Psicoterapia: l’arte e la disciplina dell’ascolto
L’ascolto di uno psicoterapeuta di valore, al di là del suo approccio teorico di riferimento, lo potremmo paragonare all’esercizio di una vera e propria arte, sempre legata quest’ultima ad una miscela di aspetti formali e di spinta creativa, di tecnica e di sensibilità emotiva, di già saputo e di nuovo, di pensato e di non ancora conosciuto.
Il qui ed ora
Il silenzio con cui egli accoglie la parola del suo paziente (lasciandolo libero di parlare nel rispetto dei suoi tempi e delle sue modalità più peculiari d’espressione), la capacità d’attesa, la memoria inconscia, l’intervento nel momento giusto, la modalità non didattica e non pregiudiziale d’interpretazione, la carica umana, l’intuizione e la possibilità di immedesimazione senza confusione fra sé e l’altro, sono tutti elementi che si potrebbero paragonare al tocco di un pianista, al fluire della penna dello scrittore, al gesto del pittore.
Durante il suo lavoro infatti un terapeuta sprofonda in stati di concentrazione simili a quelli esperiti da un artista al lavoro, in cui il tempo sembra dissolversi, accellerare o rallentare, mentre gli atti compiuti si verificano nel momento esatto in cui dovrebbero accadere senza che vi siano calcolo o premeditazione. L’apparente spontaneità di questi fenomeni cela un lavoro “a monte” di studio, di ricerca, di riflessione che tuttavia durante l’attività è come dimenticato, per dissolversi nel qui ed ora dell’incontro col paziente, con lo strumento, con la pagina, con la tela.
Lo strumento umano
La peculiarità dell’arte terapeutica prevede uno strumento “umano” anziché inerte e passivo, i cui differenti gradi di partecipazione ne condizionano lo sviluppo e gli esiti. Più un paziente si dimostra collaborativo, attivo, aperto, curioso, anch’egli in un assetto di ricerca, più la concentrazione del terapeuta si fa profonda e il suo ascolto pieno.
Se invece prevalgono i silenzi o al contrario una parola fiume che inonda il tempo della seduta senza soffermarsi su nulla, sarà più difficile attivare la funzione dell’ascolto nel senso appena descritto. Ma anche in queste congiunture si parla di arte terapeutica, nella misura in cui l’orecchio dell’analista resterà in attesa di rintracciare una crepa nel muro della parola che gli si erge davanti, per poi reagire o non reagire affatto, seguendo la via dell’intervento o di un’ulteriore attesa.
L’incontro con l’ignoto
Più un terapeuta si fa esperto più egli impara ad aspettare, a parlare solo al momento giusto.

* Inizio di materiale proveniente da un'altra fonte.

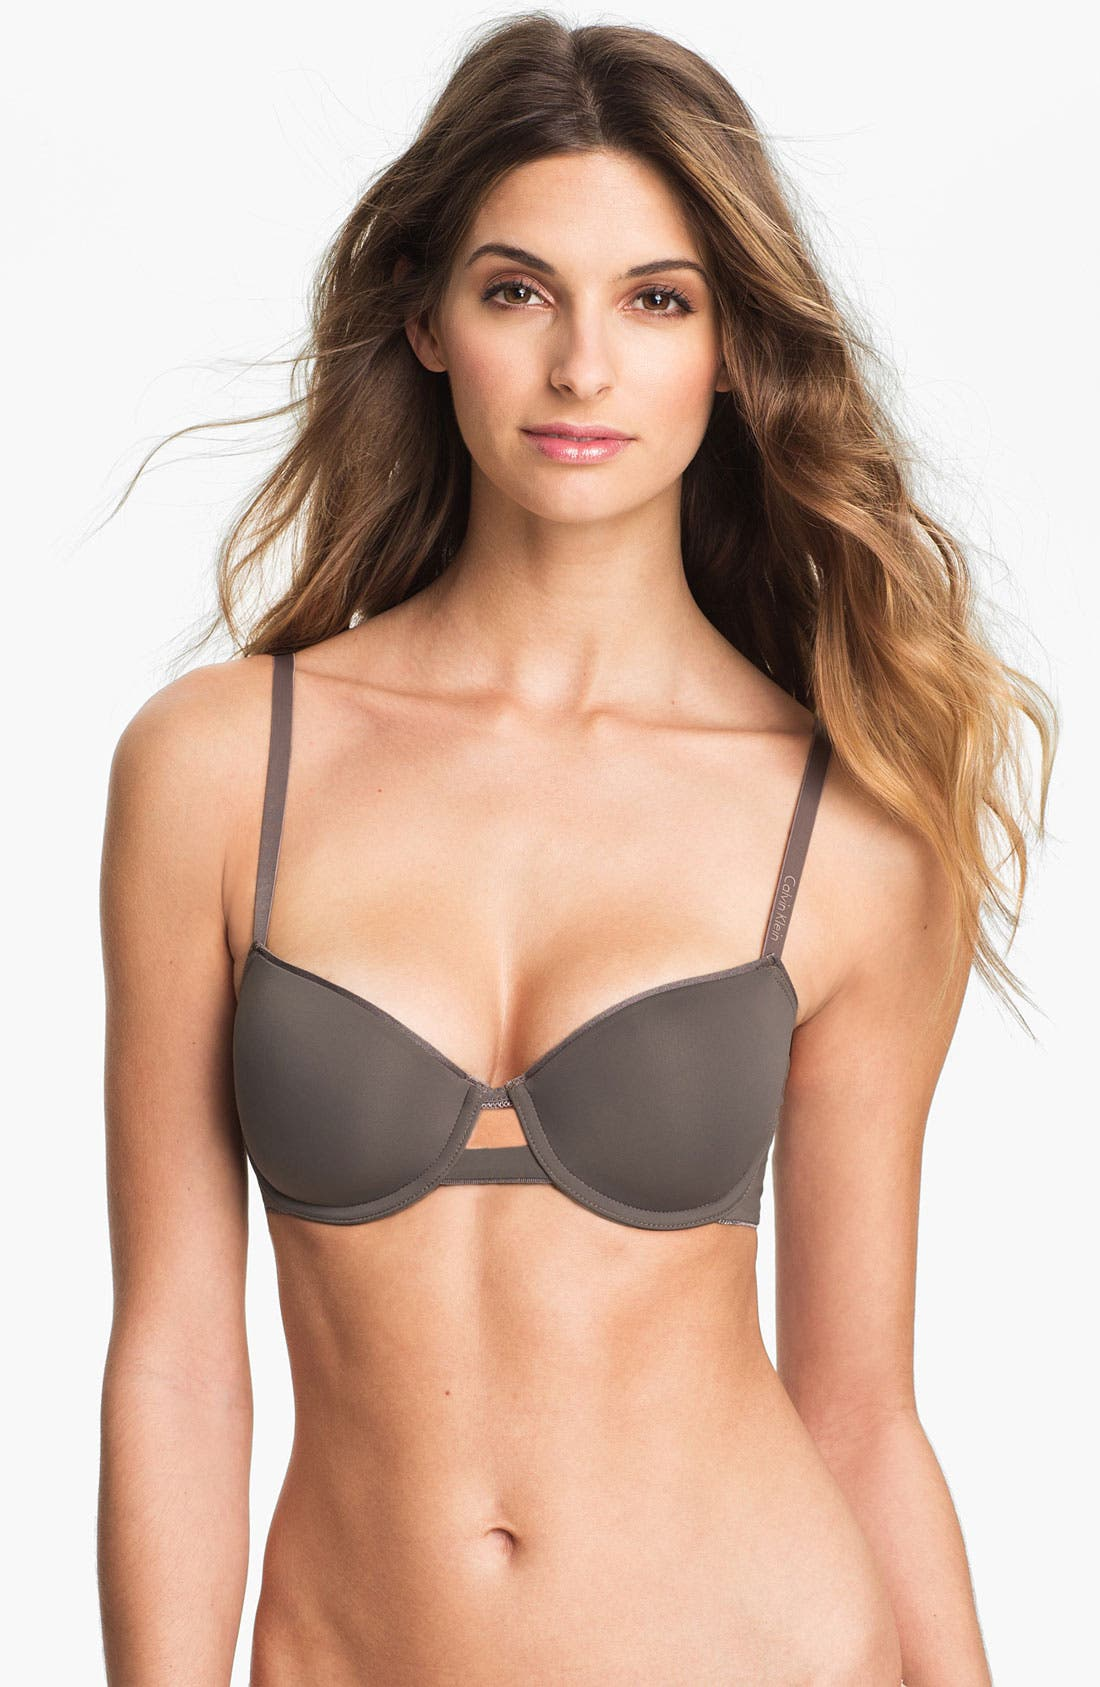 Main Image - Calvin Klein 'Seductive Comfort' Underwire Balconette Bra

Il che non significa affatto ripararsi difensivamente dietro al silenzio, come a molti accade quando non sanno come cavarsela d’impiccio, o quando sono semplicemente stanchi. Esistono pazienti con cui è necessario parlare, argomentare ed altri con cui sarebbe sbagliato intrattenersi in conversazioni. Tutto questo senza irrigidimenti strategici, ma mantenendo una disponibilità verso l’ignoto che ogni incontro porta con sè.

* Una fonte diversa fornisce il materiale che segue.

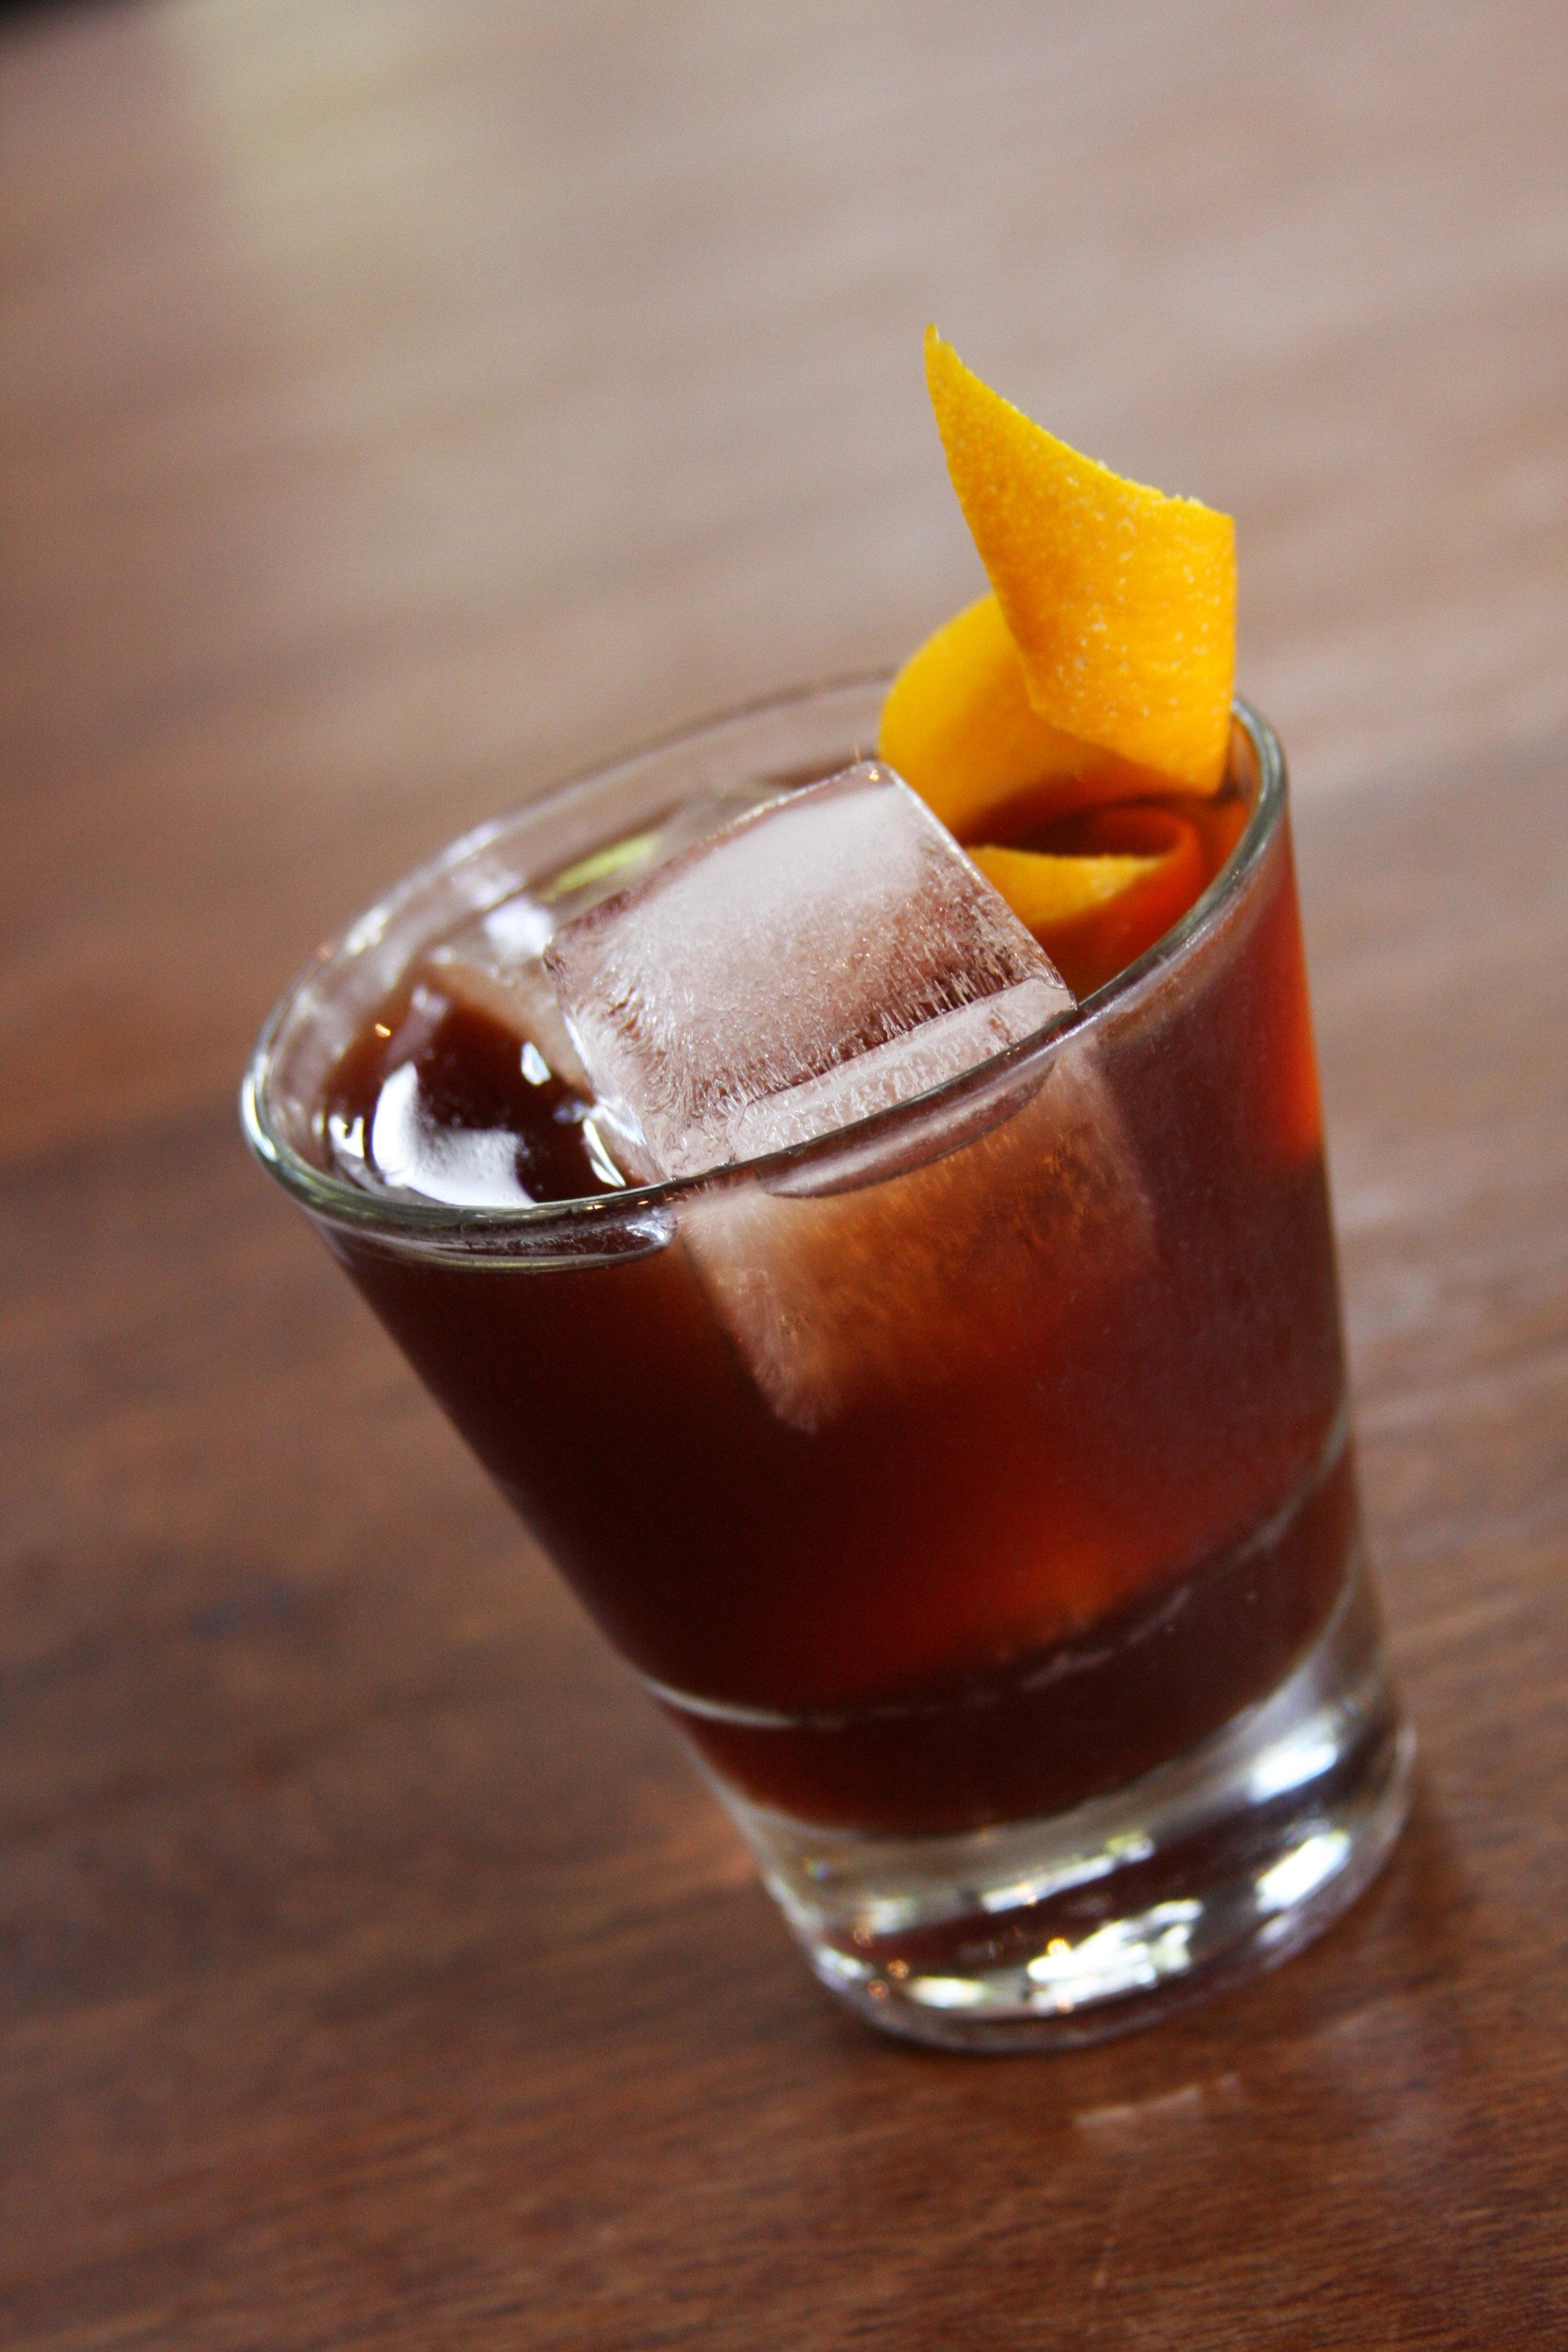 Countess Cristoforetti - Aria Portland dry ginGreen coffee CampariBraulioCocchi Vermouth di TorinoJacobsen Sea Salt salineNathan Gerdes, La MouleMarch 2018

La disponibilità a lasciarsi trasportare dal paziente per incontrarlo ogni volta come fosse la prima non va confusa con il non saper esercitare un’autorevolezza su di lui. Anzi, è proprio quando non ci si pone la questione della superiorità che diventa possibile lavorare insieme all’altro e non sull’altro. Non insistere, non voler esercitare potere, non cercare consenso, dimenticare il sapere e se stessi sono le principali acquisizioni di un terapeuta maturo, non solo e soltanto sul piano anagrafico.
L’incontro con l’altro mette sempre di fonte ad un imprevisto, a qualcosa che non si controlla e non si conosce a priori. L’Io si ridimensiona invariabilmente al contatto con ciò che sta fuori da lui, a maggior ragione quando si tratta di un essere umano dotato di intenzionalità. L’arte terapeutica sta nel non indietreggiare innanzi a quanto non si padroneggia ancora, nel fare a meno di mezzi di contenzione come il sapere o le tecniche o gli atteggiamenti precostituiti.
L’angoscia è inaggirabile ma può essere sopportata anziché imbrigliata, attraversata e trasformata in coraggio, in apertura verso l’ignoto. Se è il curante a non temere l’imprevedibilità del suo paziente, lui stesso imparerà ad avere meno paura di molte cose.
E cos’è il coraggio se non una qualità essenziale in qualsiasi processo creativo che possa dirsi davvero tale? Un avventurarsi in territori sconosciuti lasciando alle spalle ogni certezza?